Early Prognosis and Recovery Timeline After SAH
Families often expect rapid improvement, but SAH recovery is slow and unpredictable. Families should not expect daily improvement; instead, the trajectory is usually measured in weeks, not days.
Typical sequence:
- first 1–3 days: stabilization, preventing rebleeding
- days 3–9: vasospasm danger zone
- second and third week: gradual neurological improvement
- weeks to months: rehabilitation and long-term recovery
Definitive prognosis usually becomes clearer after 7–14 days.
In the most severe cases, particularly when massive subarachnoid hemorrhage leads to global brain injury, irreversible brainstem failure may occur. This is the key clinical criterion used to diagnose brain death. A clear explanation of what brain death means and how it is clinically confirmed is provided here.
Recurrence After Coiling or Clipping — What Families Should Know
Securing the aneurysm (coiling or clipping) is designed to permanently eliminate the risk of re-rupture.
However, a small percentage of patients can develop recurrence, and this depends on the type of treatment and the anatomy of the aneurysm.
Coiled Aneurysms — Small Risk of Re-Opening Over Time
Endovascular coiling fills the aneurysm sac with soft platinum coils.
With time, in 5–20% of cases, a part of the aneurysm may:
- re-open (recanalize)
- partially fill with blood again
- or continue to grow at the neck
This is more common when:
- the aneurysm has a wide neck,
- the aneurysm was large or giant,
- the packing density of coils was lower (common in large sacs),
- or when there is higher blood-flow pressure at the aneurysm site.
Most recurrences are small and do NOT require new treatment, but some may need additional coiling or stent-assisted coiling.
Clipped Aneurysms — Very Low Recurrence, But Not Zero
Microsurgical clipping is a durable method: the clip closes the neck and usually eliminates recurrence. However:
- if the clip does not completely close the neck (residual neck),
- or if the aneurysm wall continues to weaken at the edge of the clip,
then a tiny remnant may grow (very rare). Long-term recurrence after clipping is estimated at 1–3%.

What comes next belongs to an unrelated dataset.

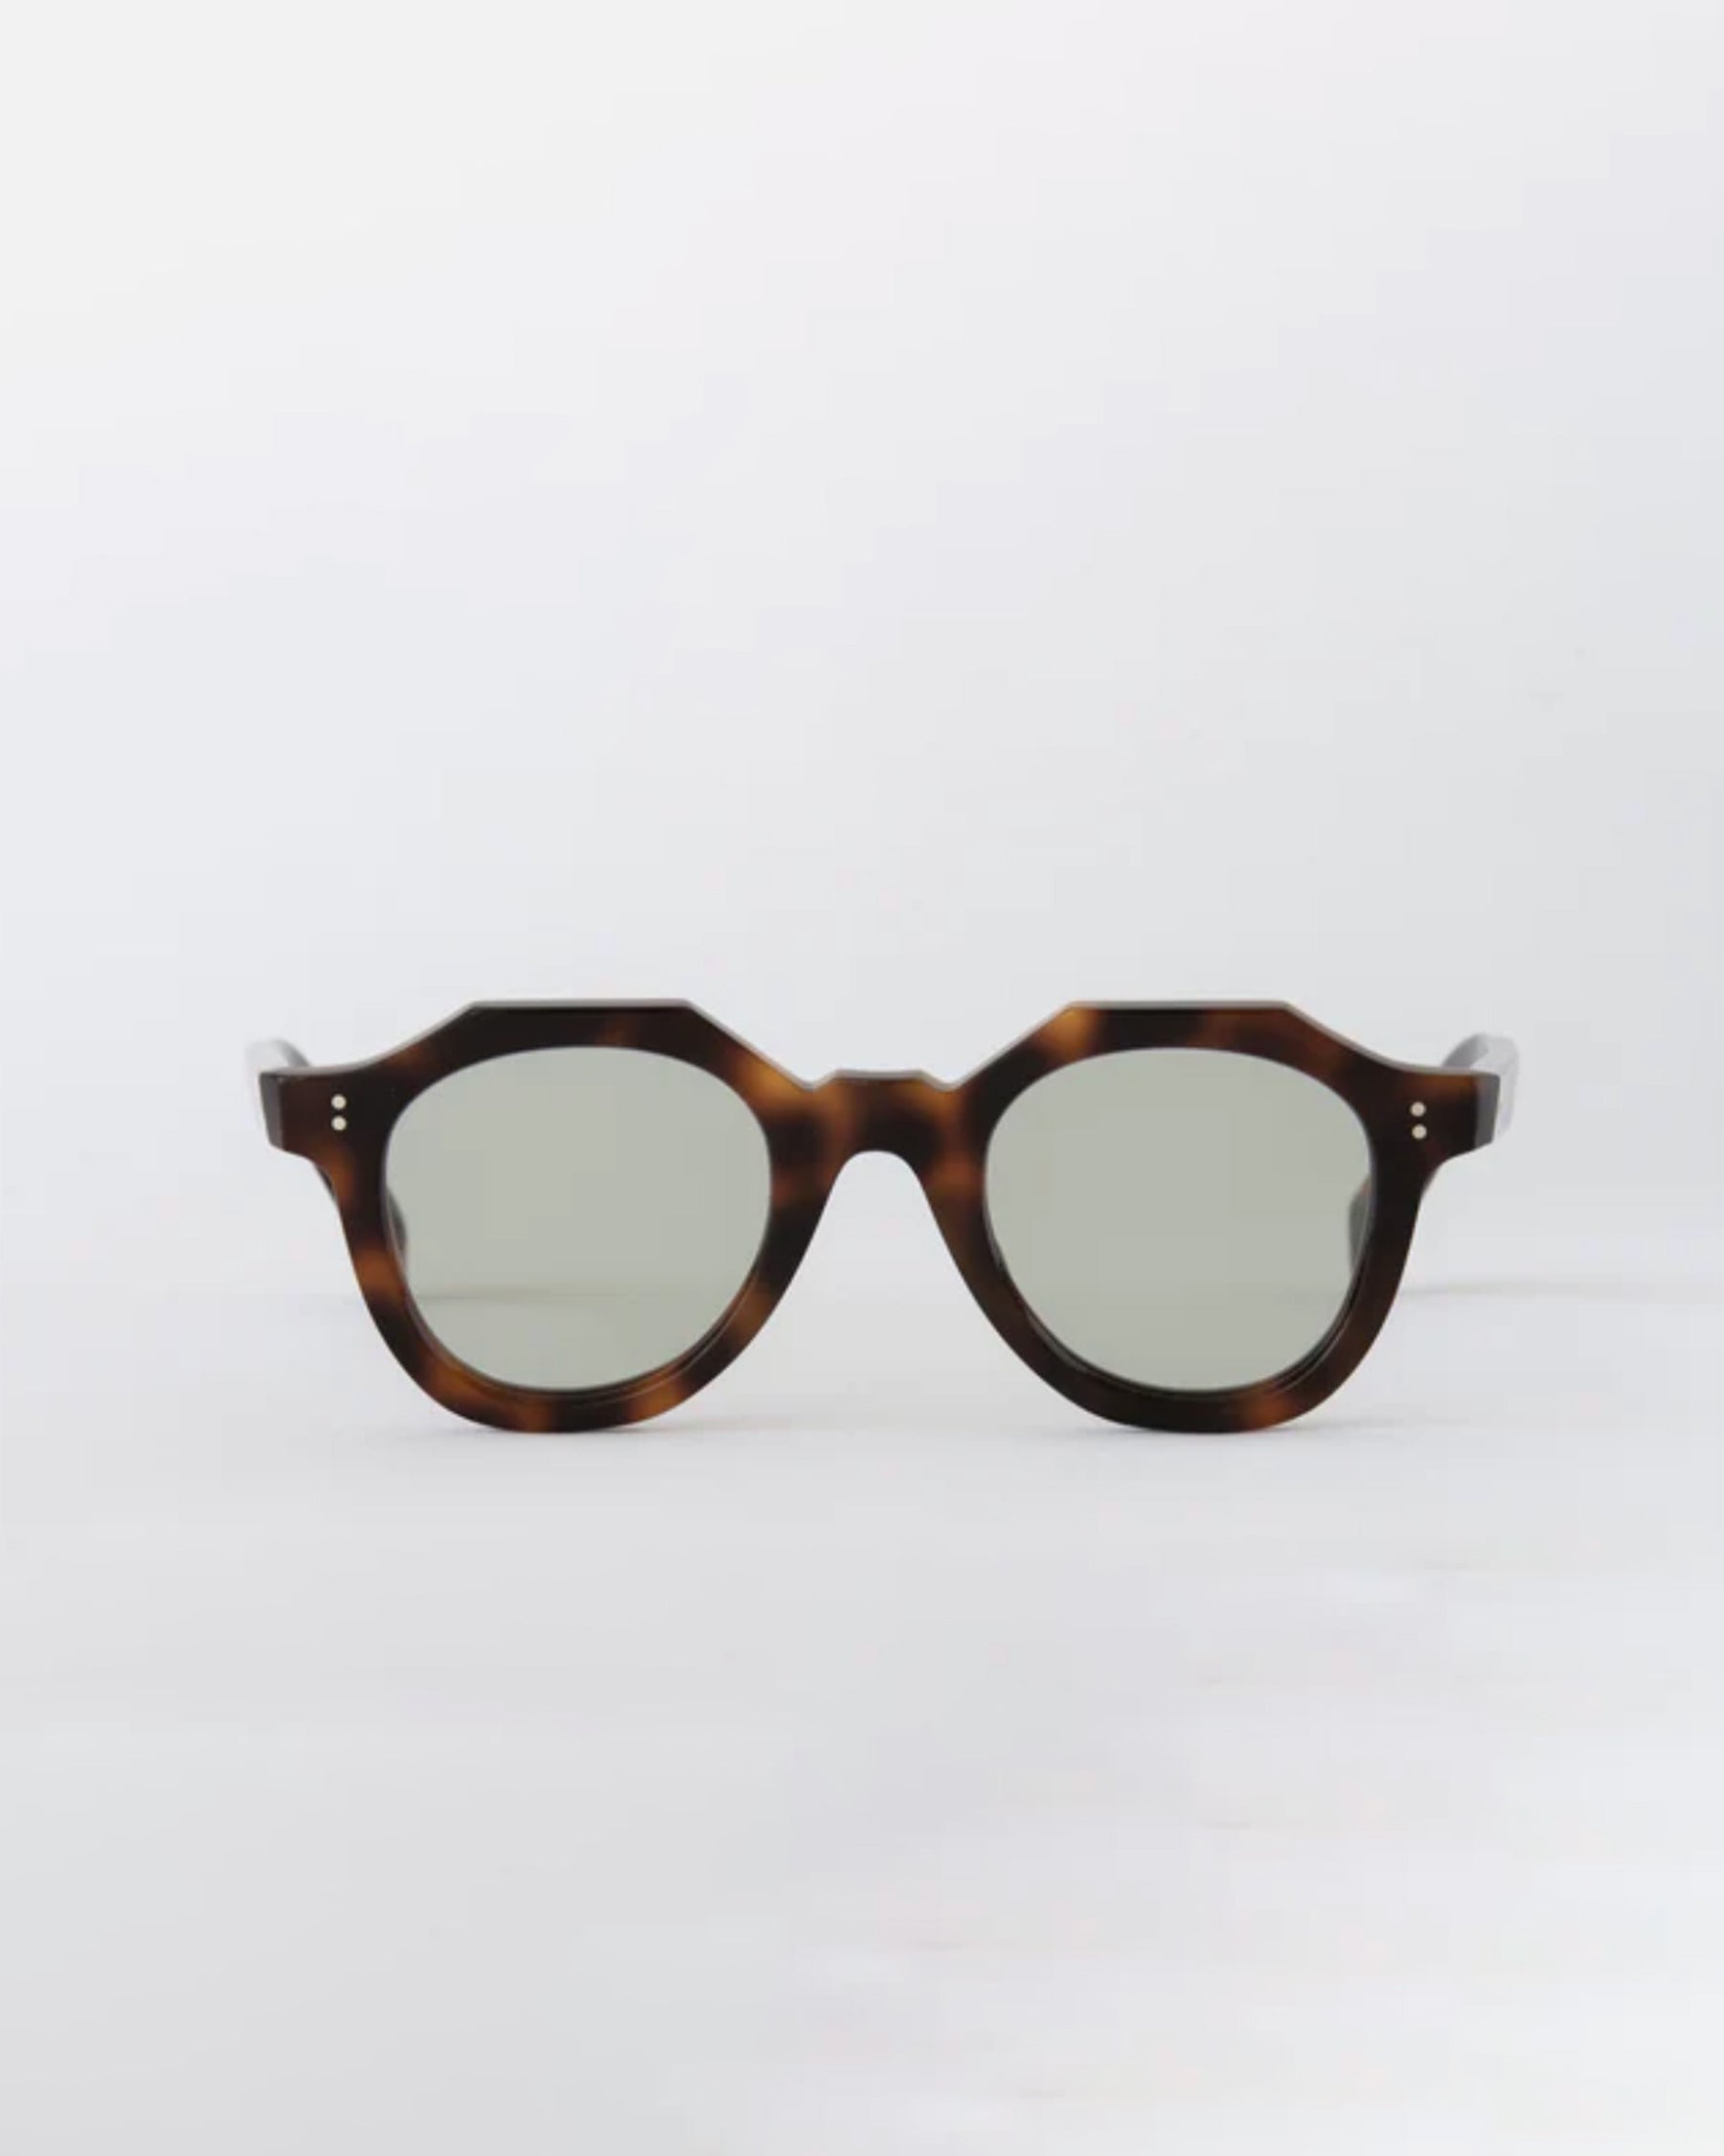 gp-02 Sunglasses ecalle / Lens: Green

How Recurrence Is Monitored Long-Term
Monitoring depends on the treatment type. Modern centers follow a standard schedule:
After Coiling (most important):
- First control: CTA or MRA at 6 months (Follow-up of coiled aneurysms is usually performed with contrast-enhanced MRA, although digital subtraction angiography (DSA) remains the gold standard when precise assessment is required.)
- Second control: CTA/MRA at 12 months
- Long-term: every 2–3 years if previous scans were stable
If a stent or flow-diverter was used, MRI quality may vary, and sometimes DSA is still required.
After Clipping:
- First control: CTA or MRA at 1 year
- If completely closed and stable:
→ further imaging every 5 years, or sooner if symptoms appear
When DSA Is Needed
Digital subtraction angiography (DSA) is still the most precise method and is recommended when:
- CTA/MRA shows unclear filling
- symptoms suggest possible recurrence
- retreatment is being considered
Important Takeaway for Families
Aneurysm treatment is highly effective, but follow-up imaging is essential, especially after coiling. If follow-up is skipped, a small recurrent aneurysm may grow silently for years before causing a problem. This is why CTA/MRA follow-up must be strictly respected.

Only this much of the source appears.